Mais même chez Kurz, cette critique sans équivoque flanche tout à coup devant la valeur d’usage qui se trouve justement sur la table. L’exemple du brassage de bière ayant traversé les millénaires que cite Kurz dans « Tabula rasa » en défense de « techniques » qui pourraient survivre à la fin du capitalisme est caractéristique d’une confusion, chez lui aussi, entre la « technique » comprise en un sens transhistorique et le régime technologique radicalement nouveau – c’est-à-dire énergétique, selon ma présentation – qu’implique le capitalisme industriel. Ce n’est pas parce que le brassage de bière a pu traverser les millénaires que la production industrielle de bière le pourra. Ce n’est pas parce que les humains fabriquent des chaussures depuis toujours que la production industrielle de chaussures est possible à long terme. Il est consternant de devoir énoncer de telles lapalissades. La question n’est même pas, contrairement aux ratiocinations de Meyer, de savoir si la production industrielle doit survivre ou non, totalement ou partiellement. Je présume qu’elle s’effondrera, parce qu’elle ne fait que manifester le côté matériel de la crise de la valeur et doit donc être emportée dans la même crise finale. Il existe de ceci suffisamment de signes empiriques et d’avertissements scientifiques. C’est du moins le sens de ma démonstration et justifie les réflexions finales du livre sur les conditions nécessaire à des organisations sociales post-capitalistes. J’en admets le caractère excessivement utopiste, bien qu’il ne le soit pas davantage que de viser l’abolition du travail, de l’argent, de la valeur, de la marchandise et de leur complément fonctionnel, l’État. Cette abolition est de toute façon inconcevable dans l’état présent.
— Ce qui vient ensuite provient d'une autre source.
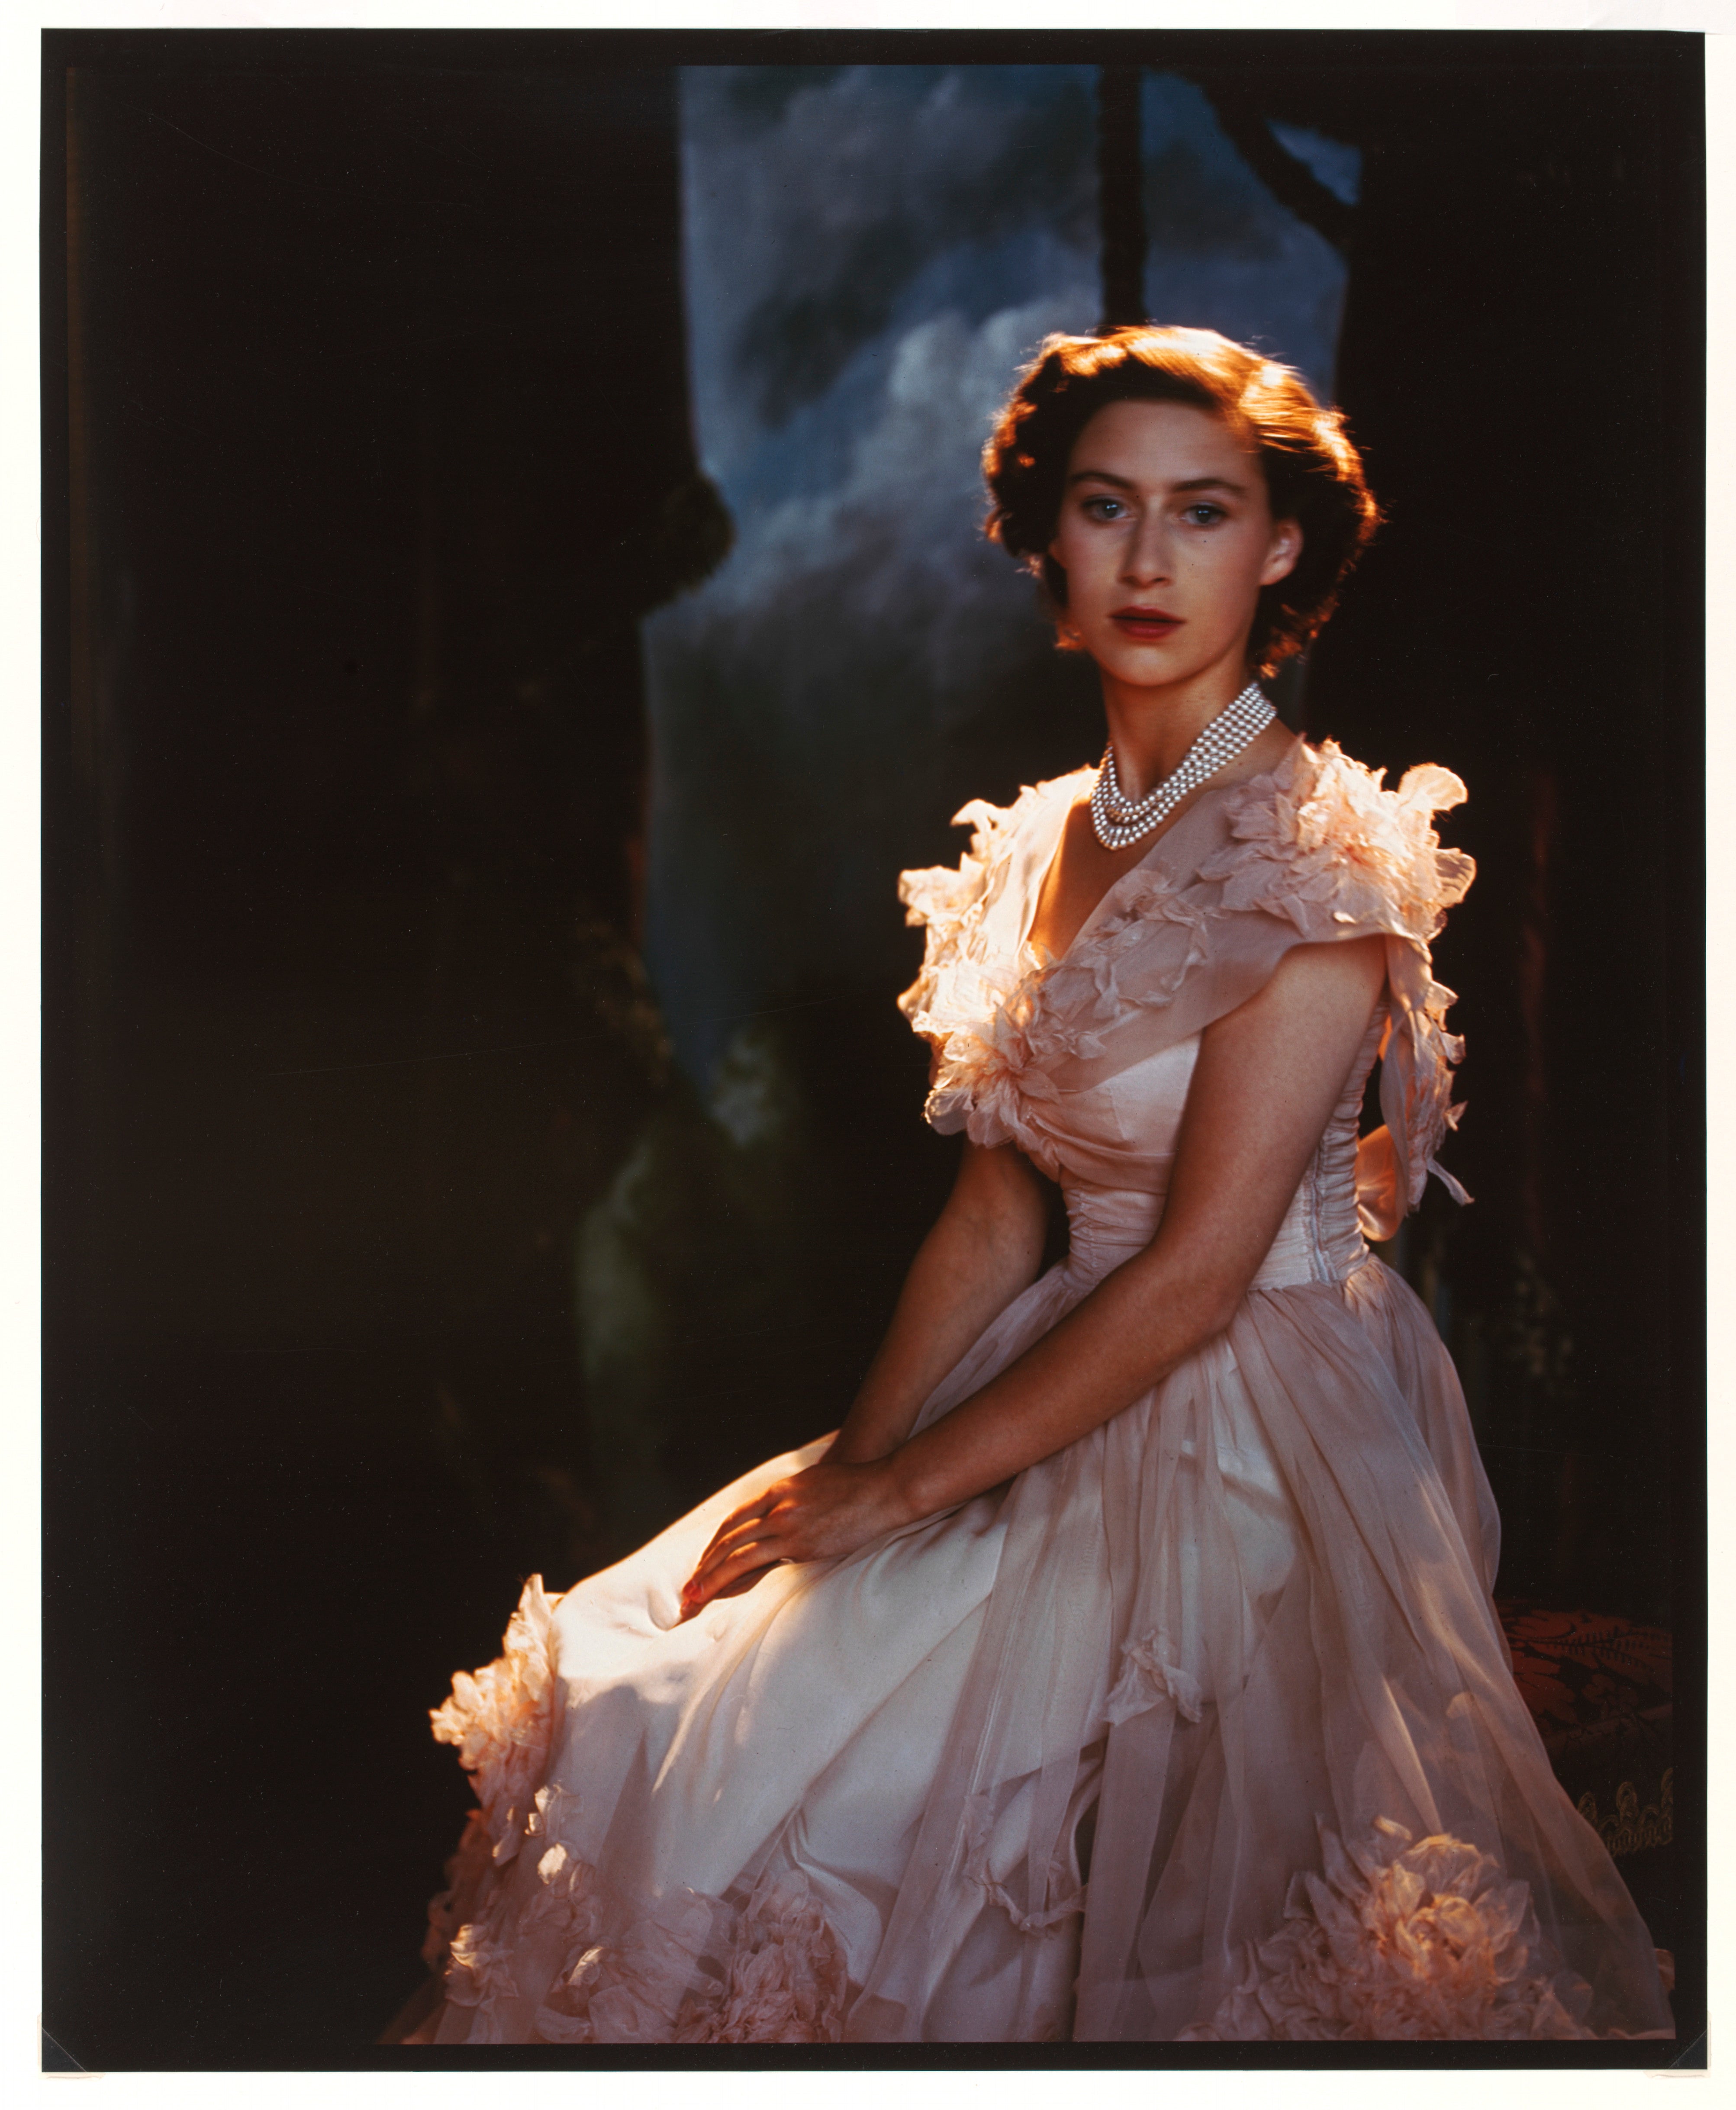 Princess Margaret aged 19 by Cecil Beaton (Cecil Beaton/Victoria and Albert Museum, London/PA)

En particulier, l’argument ridicule martelé par Meyer et Scholz, selon lequel la fin de la production industrielle équivaudrait à un « darwinisme social » (leur accusation préférée) peut être renvoyé aux envoyeurs. La suppression du travail et de l’argent équivaudrait pareillement dans les conditions présentes à sacrifier l’existence de millions de personnes ; la fin de l’État jetterait toute la société dans l’anomie et la violence. Il en va de la suppression (abstraite et théorique) de la production industrielle comme des autres catégories du capitalisme. Nul ne peut dire comment doivent se passer les choses ni comment elles se passeront. Elles peuvent avoir des conséquences catastrophiques dans tous les cas. Meyer et Scholz se réservent l’honneur d’une réflexion abstraite et préservée de toute implication négative – en insistant sur son découplage avec une pratique immédiate – mais coulent leur adversaire en choisissant de prendre ses arguments au niveau de l’immédiate concrétude. Ce faisant, ils me refusent le niveau d’abstraction qu’ils se réservent, défigurent mes arguments et croient en avoir triomphé en faisant de moi quasiment une criminelle de masse !  
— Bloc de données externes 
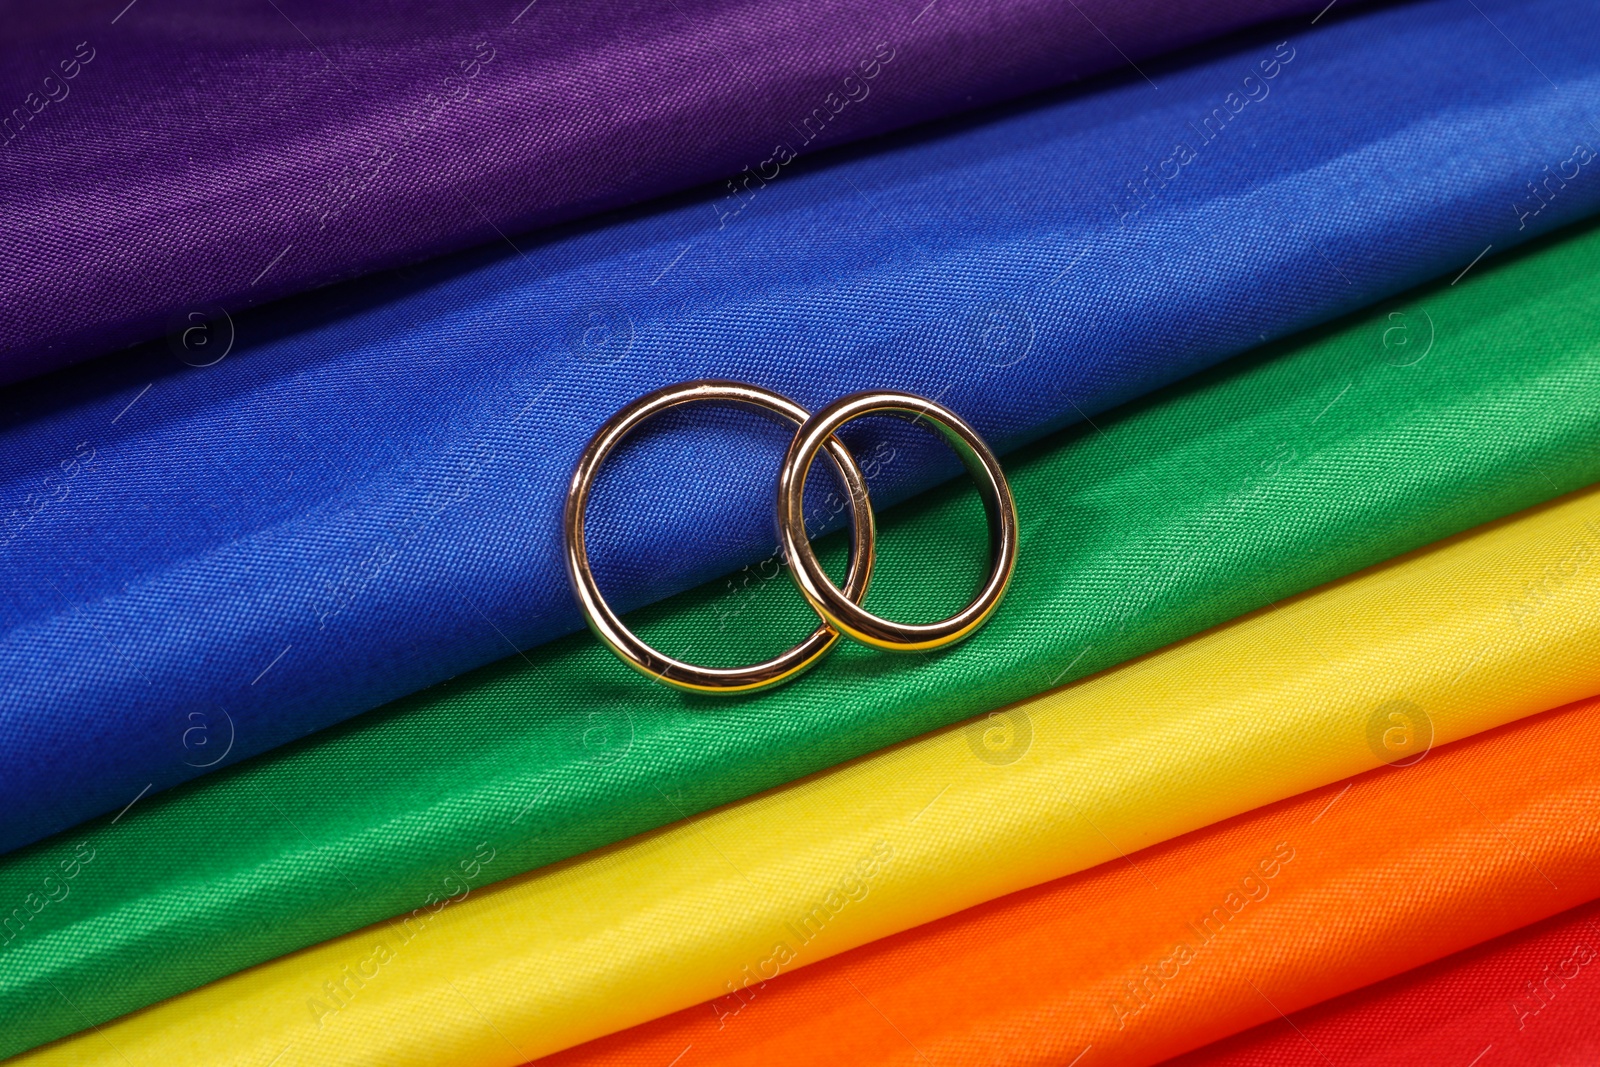 Photo of Wedding rings on rainbow LGBT flag, top view

Revenons à la valeur d’usage. Le sujet moderne juge de la valeur d’usage en fonction de son « utilité » (par exemple la médecine de pointe sous la plume de Meyer) au sens économique standard et ne s’interroge aucunement sur ses conditions globales de possibilité, qui sont l’excroissance matérielle adéquate de la production abstraite de valeur. Le simple examen empirique des dizaines ou centaines de substances différentes, avec leurs nombreuses étapes (la plupart toxiques et polluantes) d’extraction, de fabrications, de distribution, etc. nécessaires pour produire la moindre valeur d’usage devrait pourtant l’en avertir. Moyennant la critique kurzienne, toute valeur d’usage tombe aussi sous le coup de ce que disait Engels de la valeur tout court : « Vouloir abolir la forme de production capitaliste en instaurant la ˝vraie valeur˝, c’est vouloir abolir le catholicisme en instaurant le ˝vrai˝ pape, ou instaurer une société dans laquelle les producteurs dominent enfin un jour leur produit, par la mise en œuvre conséquente d’une catégorie économique qui est l’expression la plus ample de l’asservissement du producteur à son propre produit. » (Anti-Dühring). Cette affirmation s’applique parfaitement aussi à une demande abstraite de sauver la « vraie valeur d’usage » sur les décombres d’une prétendue abolition de la valeur.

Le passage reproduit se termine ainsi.